Published 9:51am Friday, November 22, 2013

HUNTERDALE—An assassin’s bullet 50 years ago kept Bobby Branche from performing a direct service for his commander in chief, President John F. Kennedy.

Bobby Branche, left, who was a Marine in the early to mid-1960s, is greeted by Gen. Wallace Greene, commandant for Marines around the world. Branche was among four Marines picked to guard President John F. Kennedy's helicopter, Marine 1 in 1963. But the assassination prevented Branche from carrying out that duty. -- SUBMITTED
Bobby Branche, left, who was a Marine in the early to mid-1960s, is greeted by Gen. Wallace Greene, commandant for Marines around the world. Branche was among four Marines picked to guard President John F. Kennedy’s helicopter, Marine 1 in 1963. But the assassination prevented Branche from carrying out that duty. — SUBMITTED

Branche, a native of Southampton County, was a member of the Marine Corps stationed at the Philadelphia Navy Yard Base on Nov. 22, 1963, when he got the news of Kennedy’s death in Dallas, Texas.

“I was walking across the parade field and escorting someone off the base,” Branche recalled about the day. “Someone came out and told him what had been reported.

“It was a total shock,” he continued. “It took a while to sink in.”

Originally, the president was scheduled to visit Philadelphia two weeks later and attend the Army-Navy football game.

“I’m pretty sure Navy won,” he said, and added that Roger Staubach was playing then.

Branch was to be one of four Marines tapped to guard Marine 1, which is the president’s helicopter.

He added they would have been face-to-face with him on arrival, and might have even gotten a chance to speak to Kennedy. Branche said the president was known to directly address those who served him.
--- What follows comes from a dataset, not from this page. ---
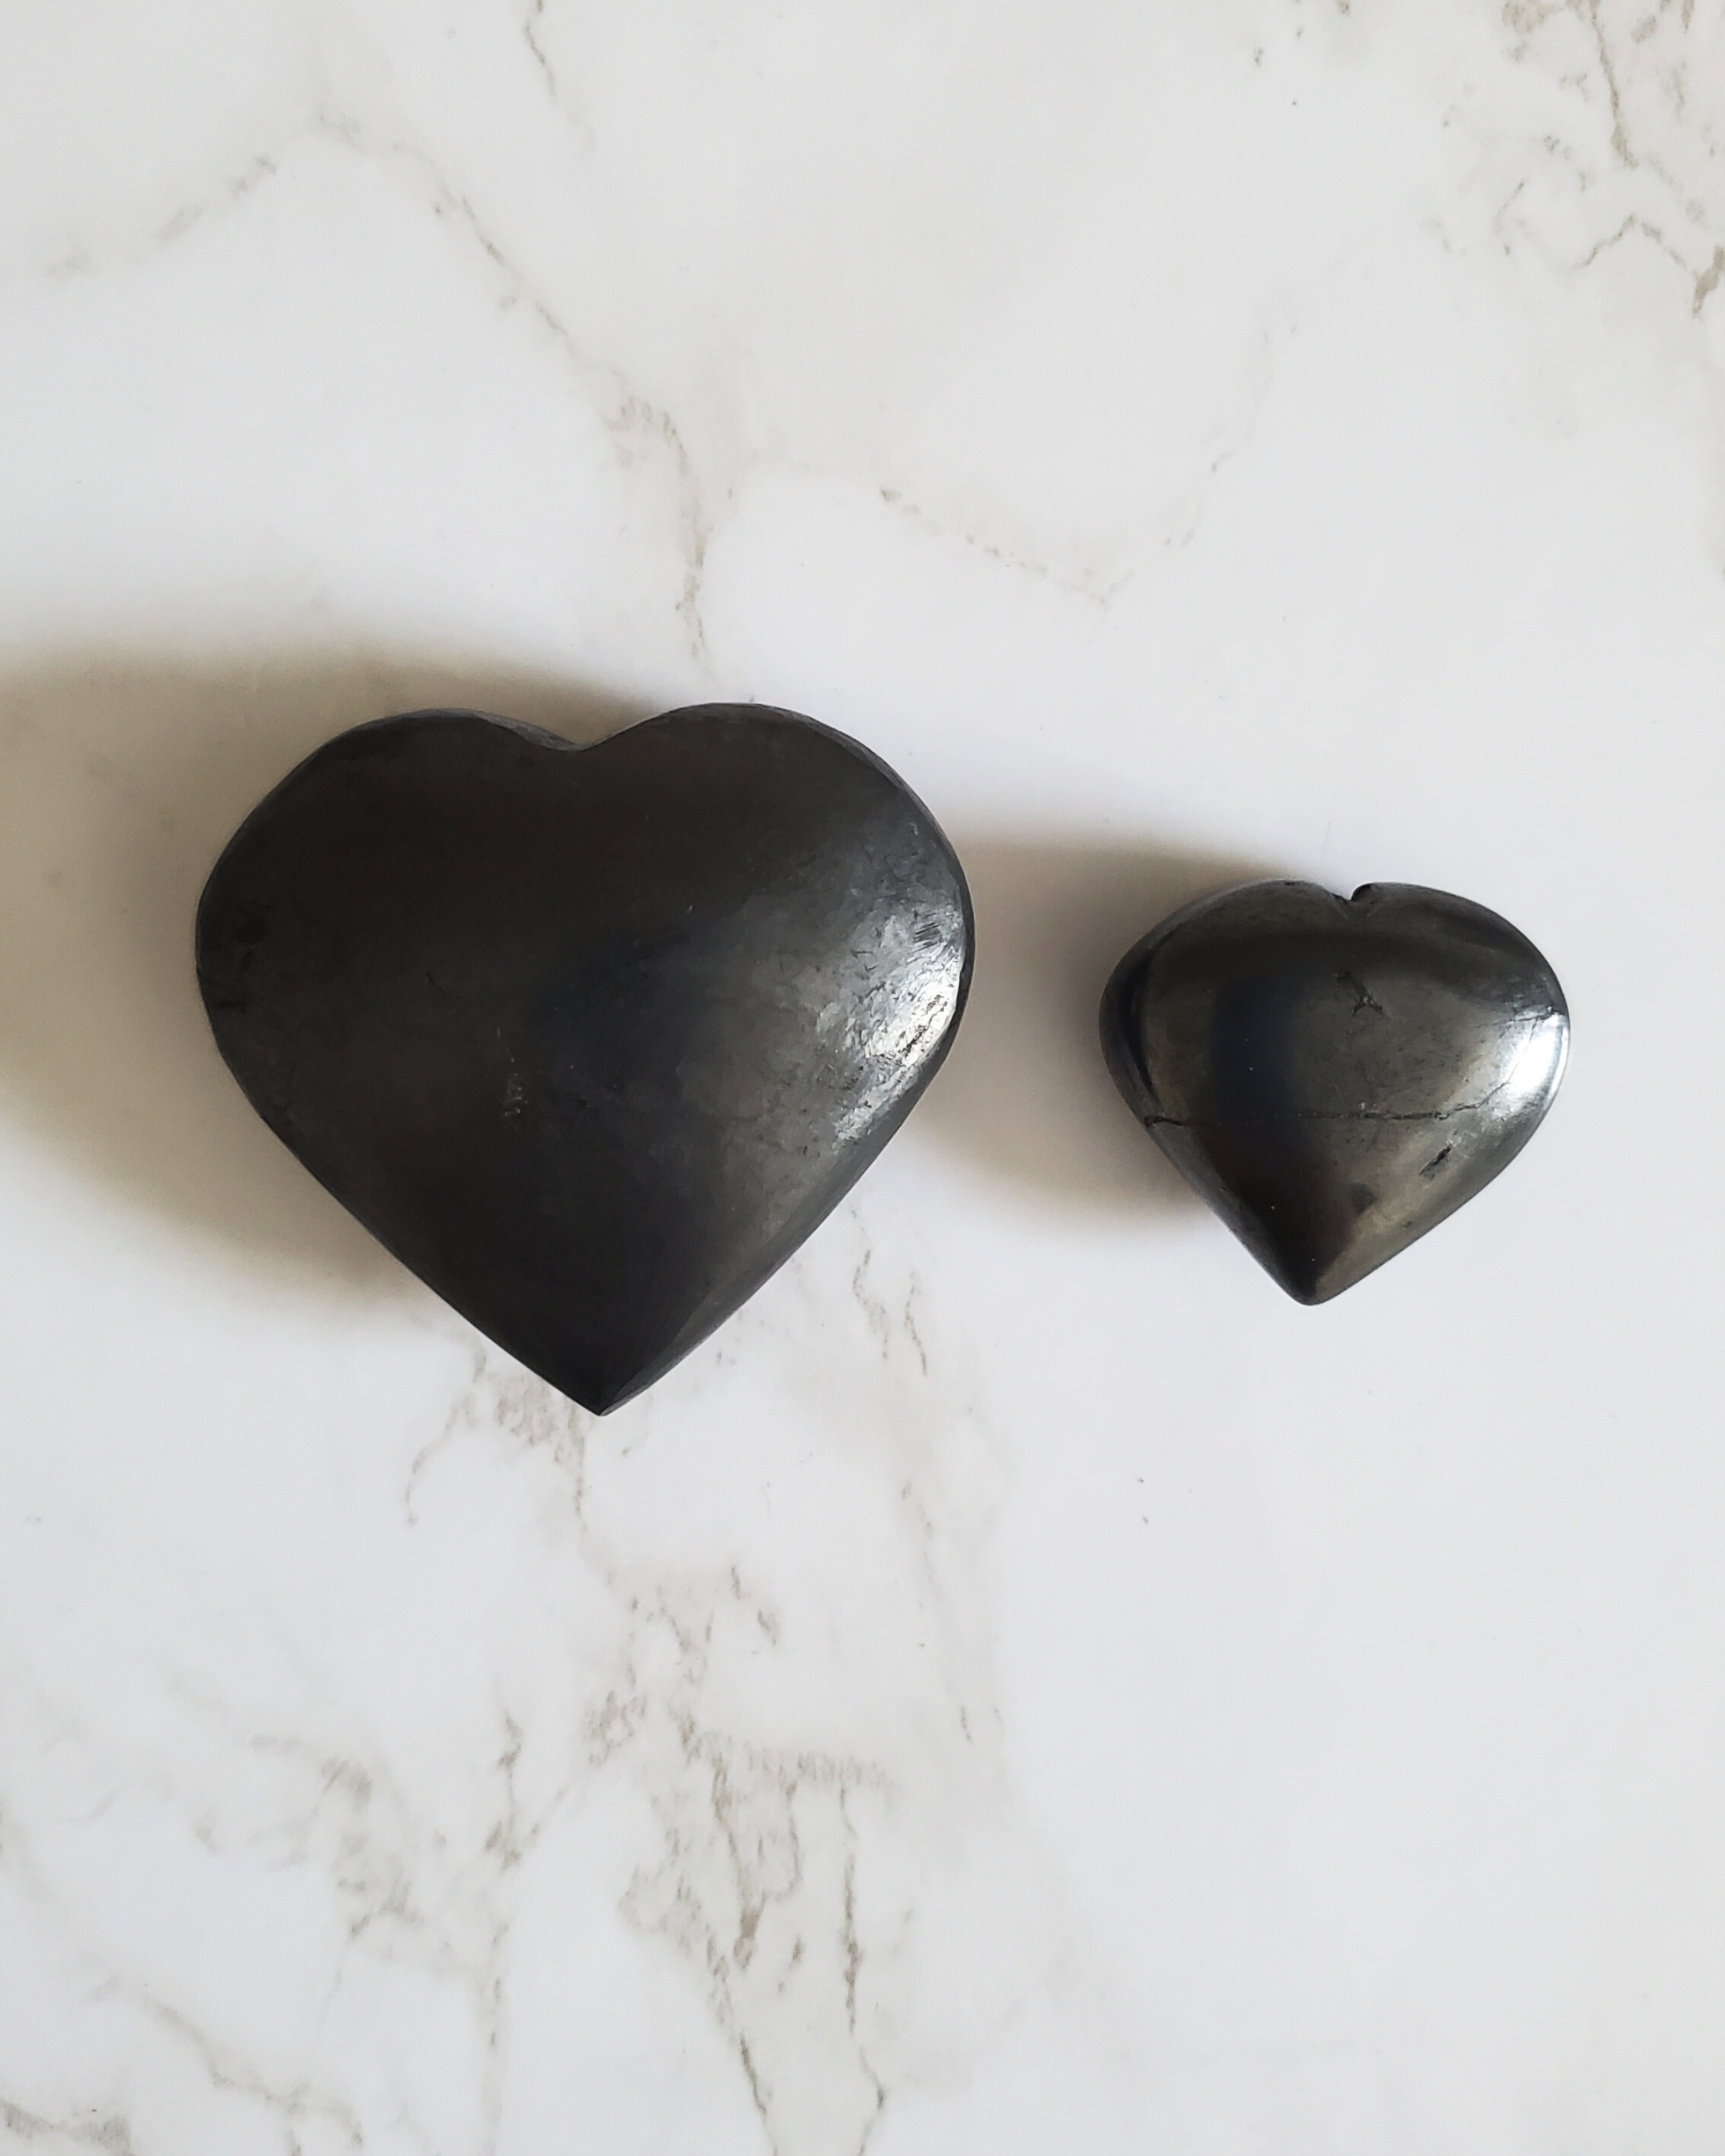 Natural Pain Relief and Protection from 5G and EMFs Shungite Hearts 2 sizes

The honor to serve Kennedy came through his commandant, Gen. Wallace Greene, who was the leader of Marines throughout the world then. Branche said he had personally served Greene’s escort on numerous occasions.

“I perked up at the thought of performing a duty for the president,” said Branche. “No one had any bad remarks to say about him. He was just well respected.”

A mourning tribute was later performed at the base.

Asked for thoughts about the theories of who else might have been responsible for the assassination other than Lee Harvey Oswald, Branche said he was not in a position to comment.

After his active service ended in 1966, Branche, 70, returned to his native Southampton County, and soon began work for Union Camp Corp., where he served in general maintenance.

Although now affiliated with farming, but not active, Branche lives with his wife, Judi, in Hunterdale.

On Friday, in honor of the former president, he plans to watch some of the special programs about Kennedy and that historic day.